Reichl wrote about braising pork shoulder in cider but brining tenderloins in it was just as delicious. Pork in general benefits from brining and the cider brine worked magic, imparting sweetness, juiciness and tons of flavor, which was heightened by drizzling the meat with a pan sauce for serving. Roasted Yukon Gold potatoes, Red Onions and Granny Smith apples rounded out the meal.
The best part? Other than the time for brining, this was a fast and nearly effortless meal to prepare, the oven got its maiden fall workout and the cook got to kick back and relax. Apple pie will have to wait for next time.
This is my contribution to the Novel Food #34. Hosted by the lovely Simona of briciole, Novel Food is a voyage of literary discovery featuring literary-inspired dishes contributed by event's participants.
Cider-Brined Pork Loin with Roasted Potatoes and Apples
Ingredients for the Brine:
2 cups apple cider
½ cup granulated sugar
3 tbs salt
3 cloves garlic, chopped
1 tsp ground black pepper
1 tsp fennel seed
½ tsp ground coriander
1 inch fresh ginger, thinly sliced
Ingredients for the Pork and Pan-Sauce:
2 - 1 to 1½ lb pork tenderloins (this should be sold in one package)
1½ lb small Yukon Gold potatoes, halved
1-2 large red onions (about 1 lb) cut into 1 inch wedges
2-3 Granny Smith apples, unpeeled and cut into 2-3 inch wedges
3 tbs olive oil
2 tbs unsalted butter
1-2 tbs roughly chopped fresh rosemary
2 cups apple cider for sauce
Preparation:
For Marinade: In a small bowl, stir together the cider, sugar and salt till sugar dissolves. Add remaining seasonings till combined. Place the tenderloins into a 1 gallon ziplock bag, pour in the marinade, squeeze out the air, seal and refrigerate for 6-8 hours or overnight.
For the roast: Preheat oven to 425 degrees. Remove the tenderloins from the bag, discard the marinade, pat dry the loins, and using kitchen twine, tie the loin in three places at even intervals. Place prepared tenderloins on an ungreased rimmed baking pan. Dab with olive oil, season with 1 tsp pepper and a sprinkling of the rosemary, reserving about half for the vegetables.

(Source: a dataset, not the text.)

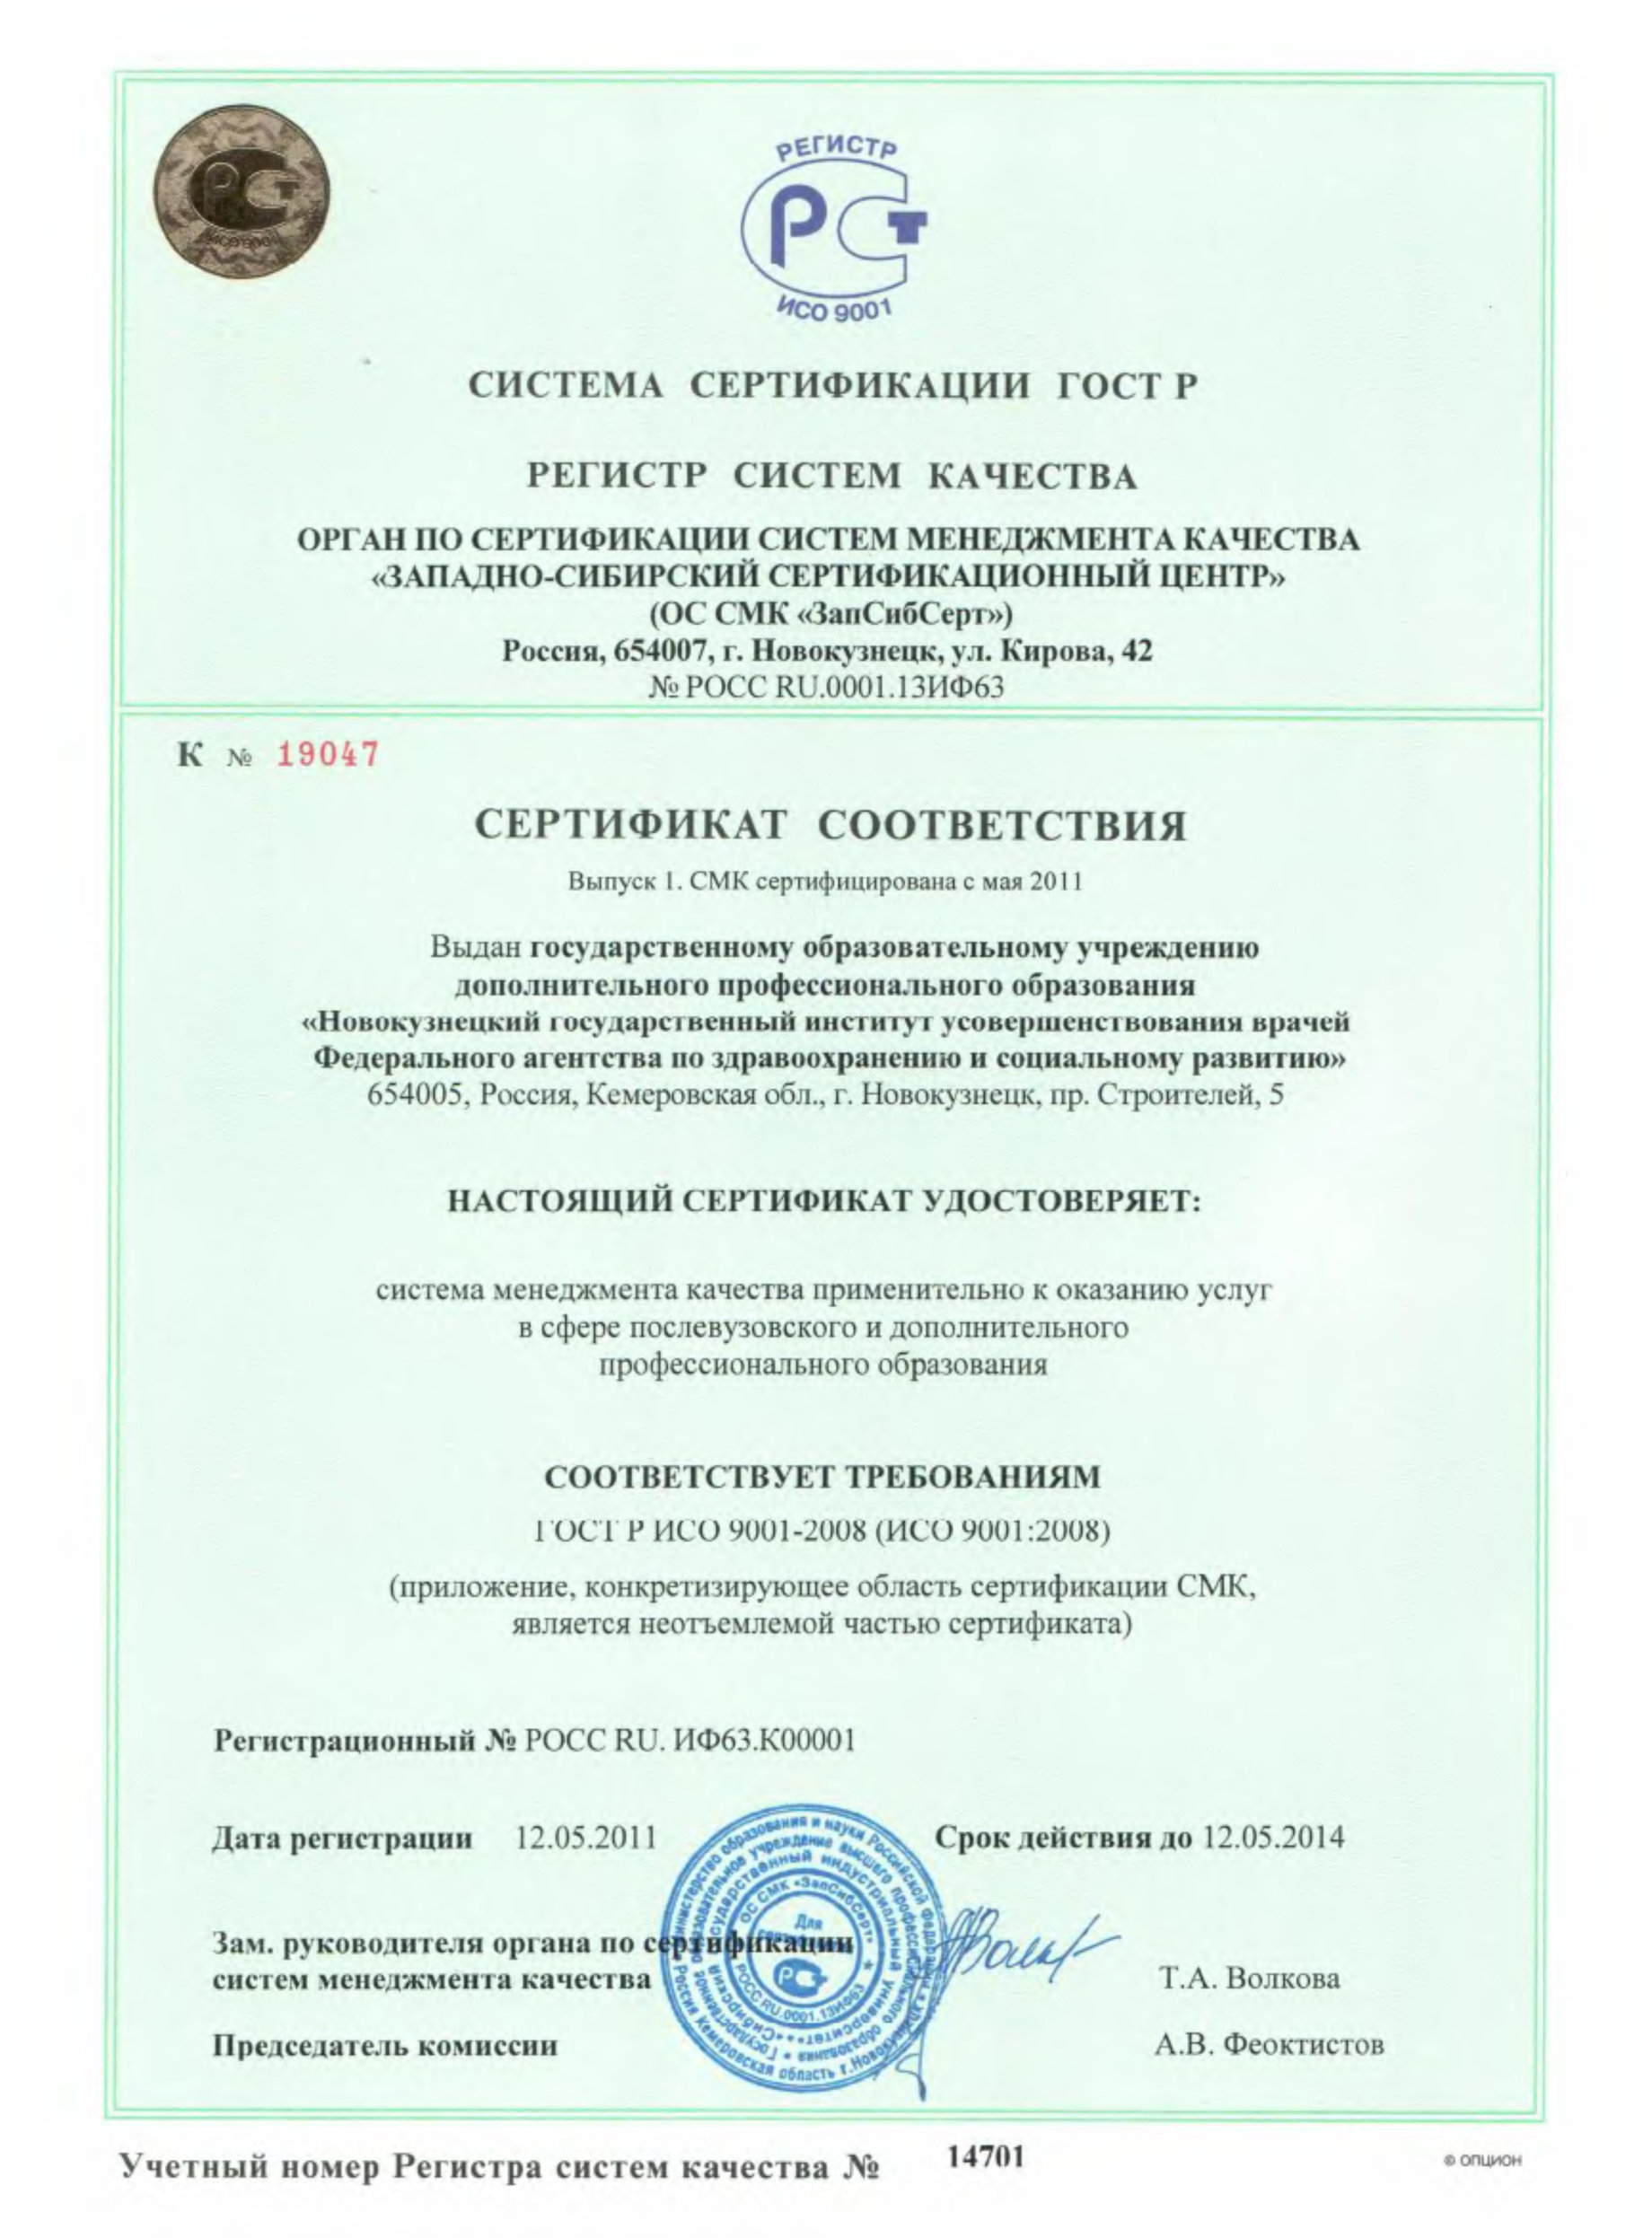 Образец заполнения сертификата соответствия (на русском языке)
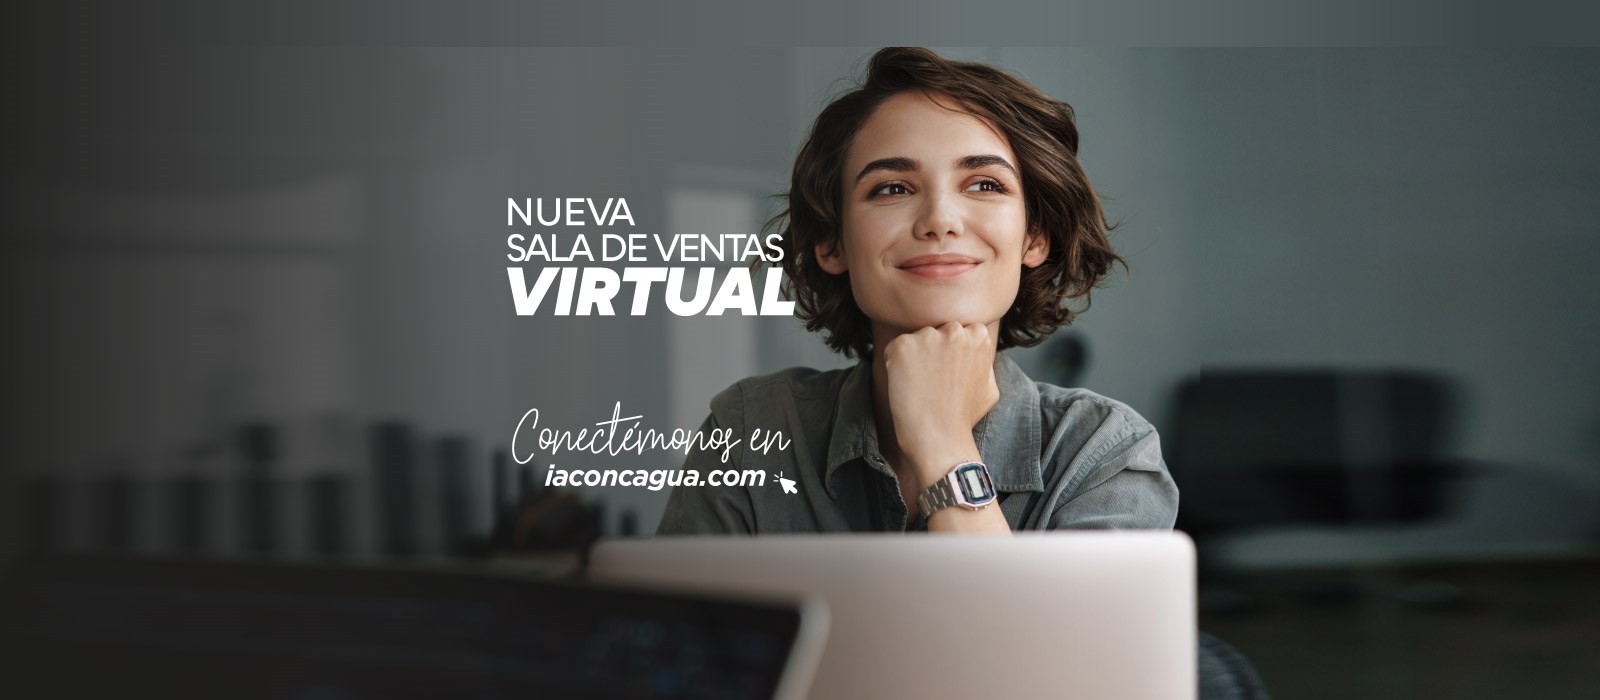 Inmobiliaria Aconcagua presenta su nueva Sala de Ventas Virtual

For the vegetables: Using another baking pan, place the prepared vegetables in a single layer, drizzle with olive oil and season with 1 tsp salt, pepper and remaining rosemary.
Roasting: Place both baking pans in the oven on a middle rack, side by side. Roast for 30 minutes then check the vegetables for doneness and remove when browned and crisp. Continue to roast the pork till browned and a meat thermometer inserted into the center reads 140 degrees. Total cooking time on the meat will be 30-40 minutes. Remove the tenderloins from oven and the tray. Let rest on a platter.
For the pan sauce: Using a spatula, remove the juice and any meat particles to a saucepan and cook over medium stove heat with the butter and 1 tbs of olive oil. Cook, stirring often and scraping up any brown bits till simmering. Add 2 cups of cider and bring to boil, stirring constantly. Reduce heat and continue stirring till thickened, about 3-5 minutes, then season with salt and pepper.
To serve: Remove the twine from the meat. Slice the tenderloins diagonally into ½ inch pieces. Sprinkle with salt. Serve on a platter with the apples, potatoes and onion and top with the sauce.